··· INPUT DATA ···

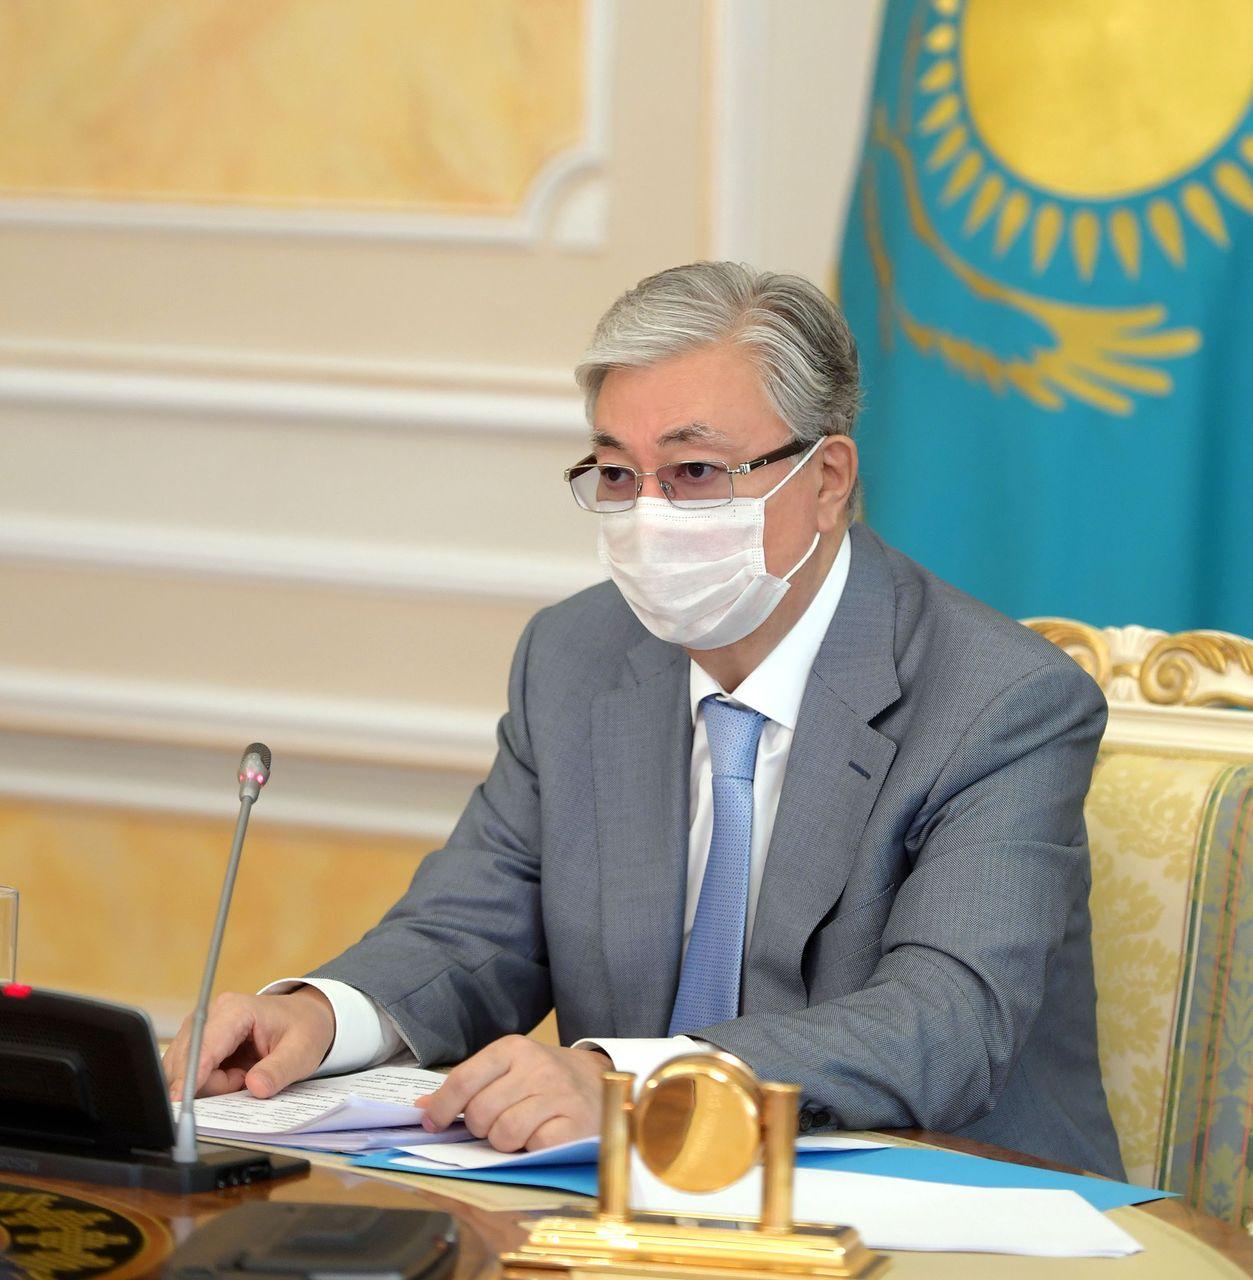 Мемлекет басшысы Қасым-Жомарт Тоқаевтың Үкіметтің кеңейтілген отырысында сөйлеген сөзі
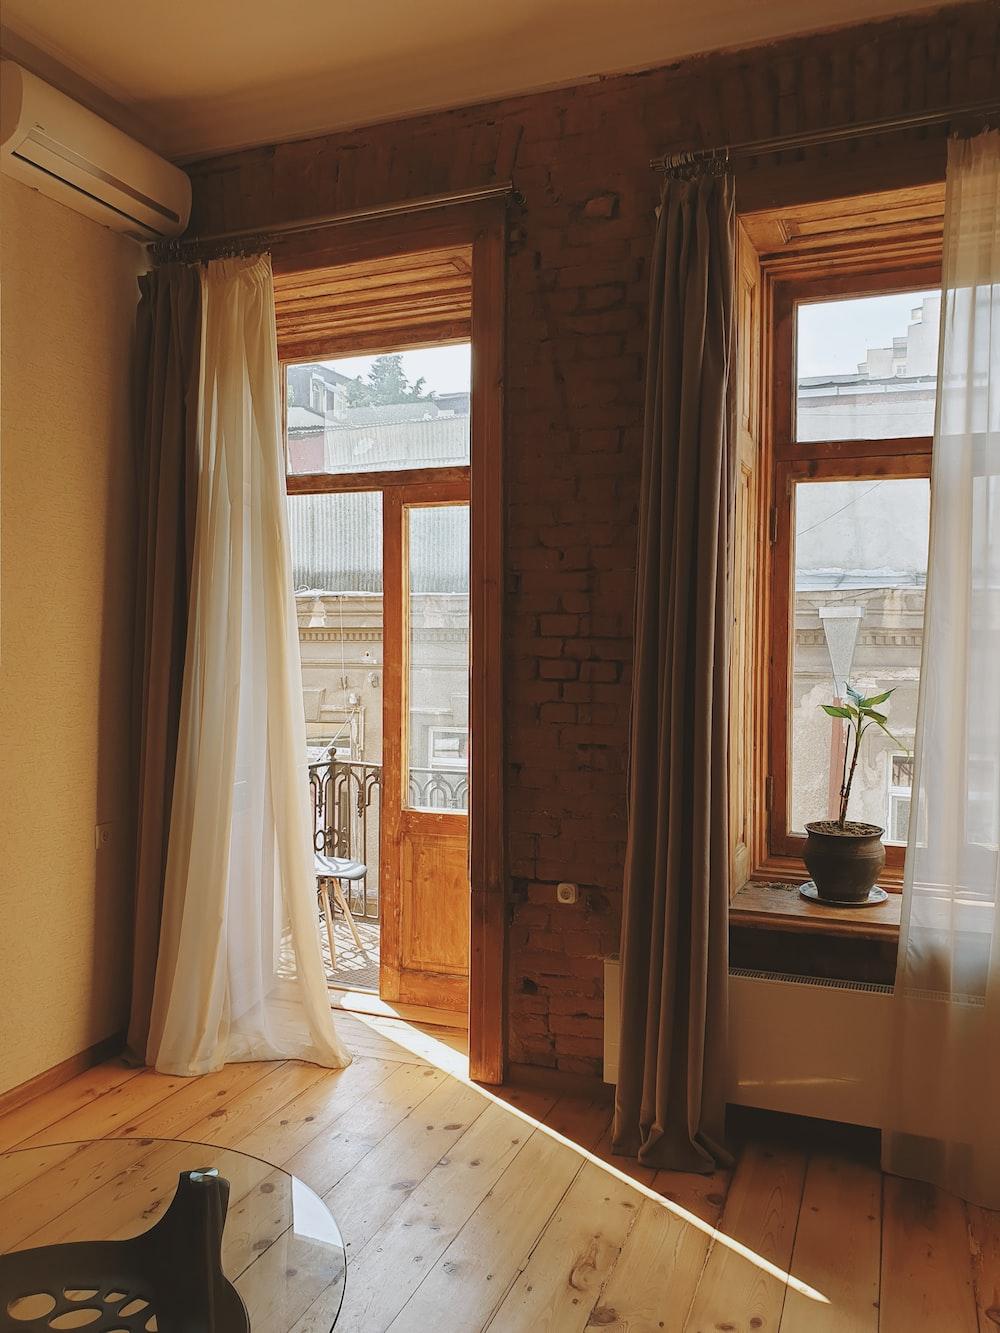 white window curtain near brown wooden door
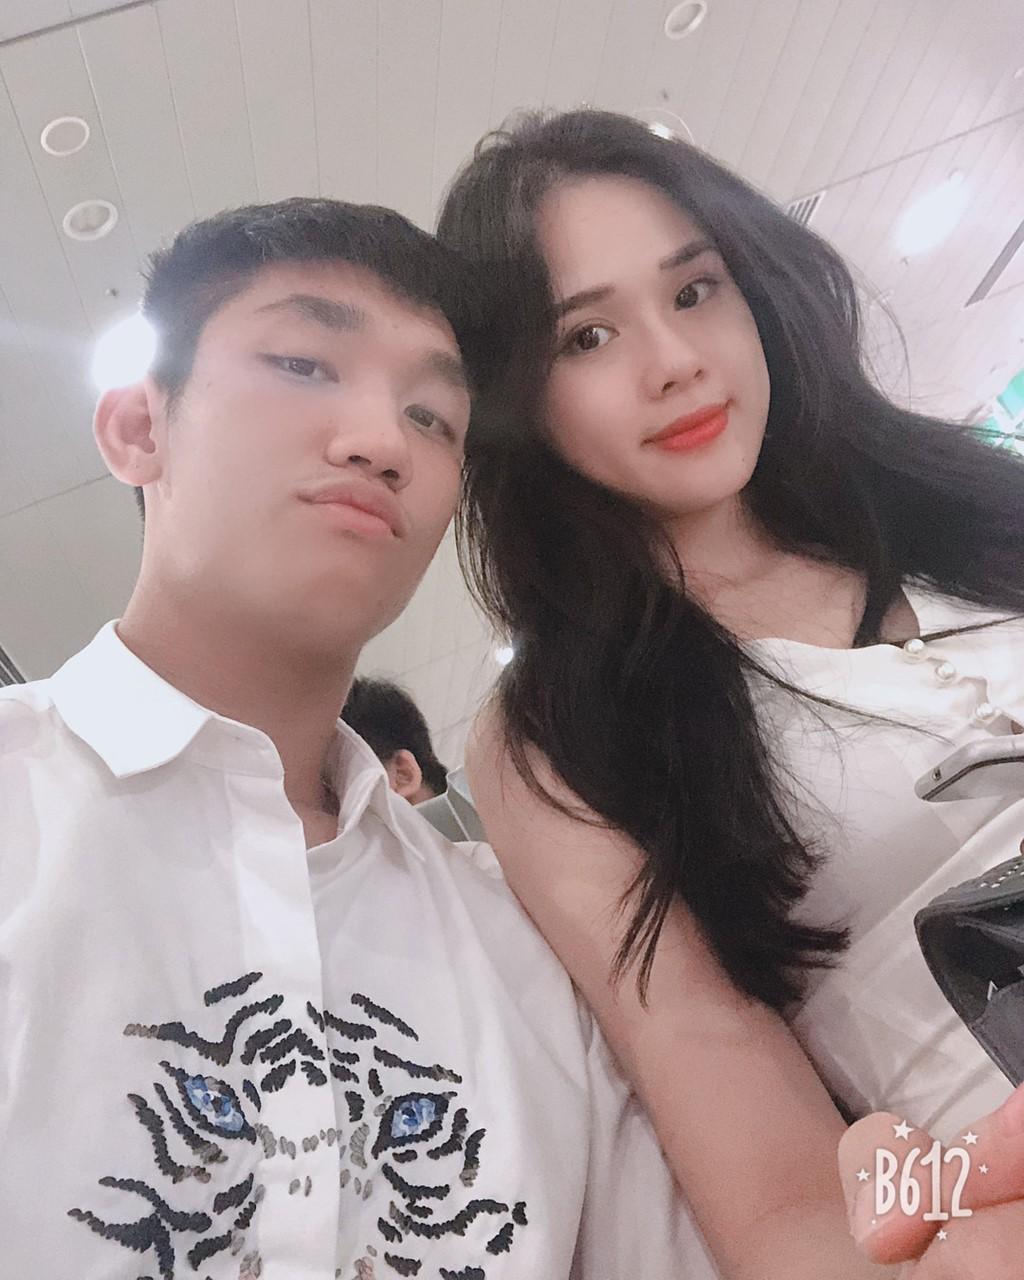 Trọng Đại và bạn gái Huyền Trang: Nghi vấn rạn nứt tình cảm vì tham vọng thi hoa hậu-1

···

## HOW TO COMPLETE THIS TASK:
The output should be the material above, copied exactly, without its pictures.

## ANSWER TO THE EXERCISE:
 Мемлекет басшысы Қасым-Жомарт Тоқаевтың Үкіметтің кеңейтілген отырысында сөйлеген сөзі
 white window curtain near brown wooden door
 Trọng Đại và bạn gái Huyền Trang: Nghi vấn rạn nứt tình cảm vì tham vọng thi hoa hậu-1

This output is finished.